Cellina.train(max_epochs=400, accelerator='auto', devices='auto', train_size=0.9, validation_size=None, shuffle_set_split=True, batch_size=128, datasplitter_kwargs=None, plan_kwargs=None, **kwargs)#

Train the model.

Parameters:
  • max_epochs (int (default: 400)) – Number of passes through the dataset.

  • accelerator (str (default: 'auto')) – Supports passing different accelerator types (“cpu”, “gpu”, “tpu”, “ipu”, “hpu”, “mps”, “auto”) as well as custom accelerator instances.

  • devices (int | list[int] | str (default: 'auto')) – The devices to use.

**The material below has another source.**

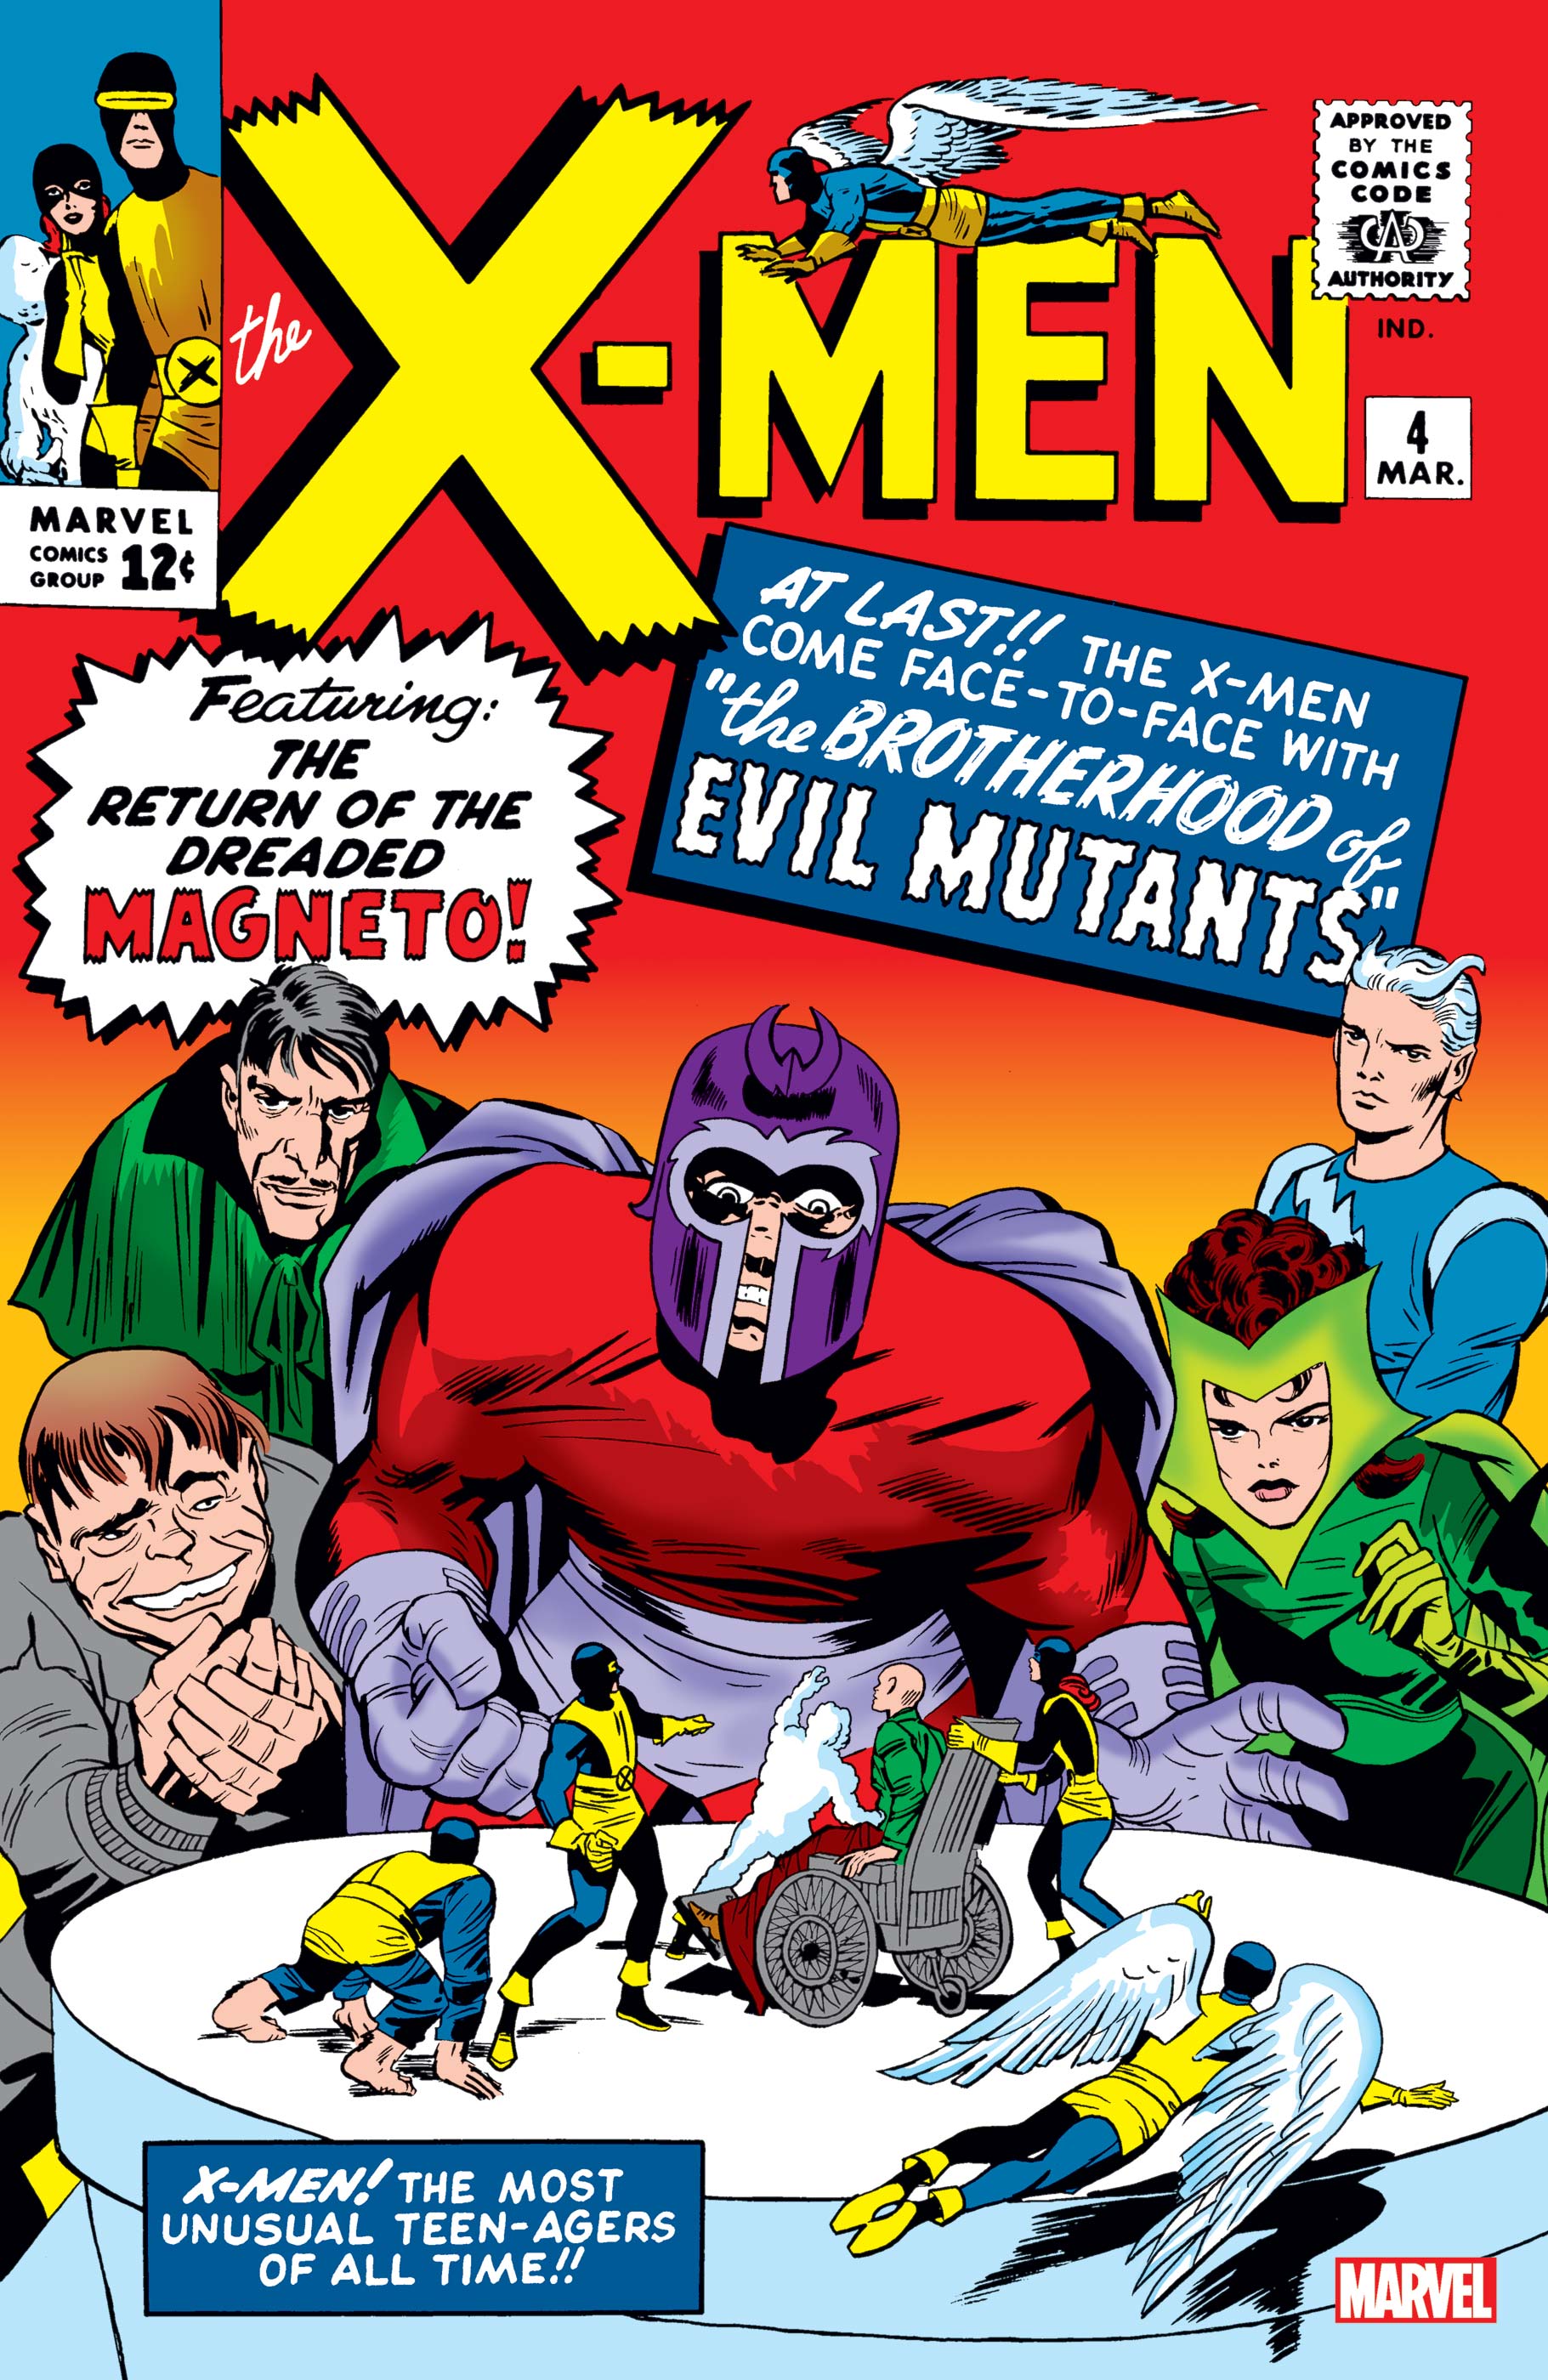 X-Men: Facsimile Edition (2020) #4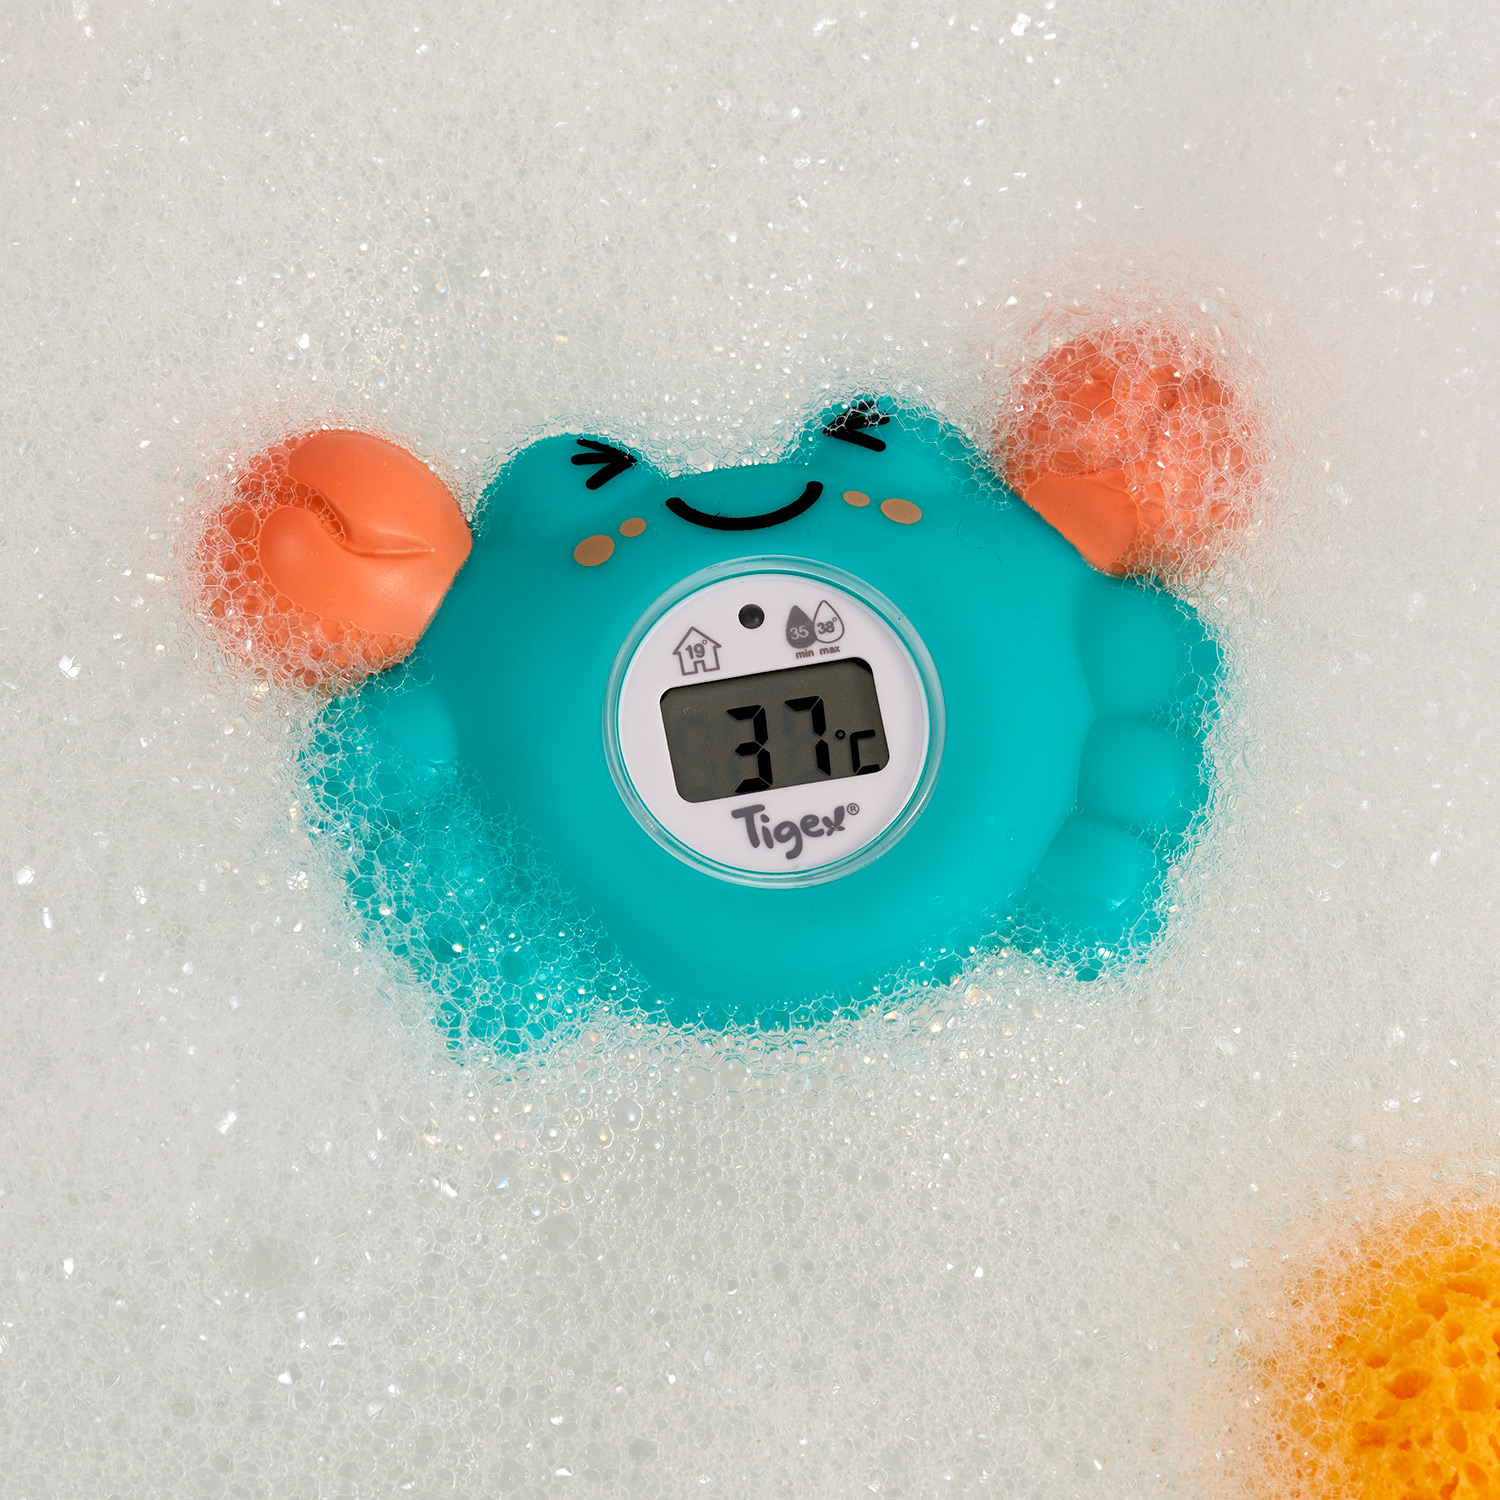 Thermometre Bain, Thermomètre Bebe bain Intérieur Digital, Jouet

Can be set to a positive number (int or str), a sequence of device indices (list or str), the value -1 to indicate all available devices should be used, or "auto" for automatic selection based on the chosen accelerator.

  • train_size (float (default: 0.9)) – Size of training set in the range [0.0, 1.0].

  • validation_size (float | None (default: None)) – Size of the validation set. If None, defaults to 1 - train_size. If train_size + validation_size < 1, the remaining cells belong to a test set.

  • shuffle_set_split (bool (default: True)) – Whether to shuffle indices before splitting. If False, the val, train, and test set are split in the sequential order of the data according to validation_size and train_size percentages.

  • batch_size (int (default: 128)) – Minibatch size to use during training.

  • datasplitter_kwargs (dict | None (default: None)) – Additional keyword arguments passed into DataSplitter.

  • plan_kwargs (dict | None (default: None)) – Keyword args for CellinaAdversarialTrainingPlan. Keyword arguments passed to train() will overwrite values present in plan_kwargs, when appropriate.

  • **kwargs – Other keyword args for Trainer.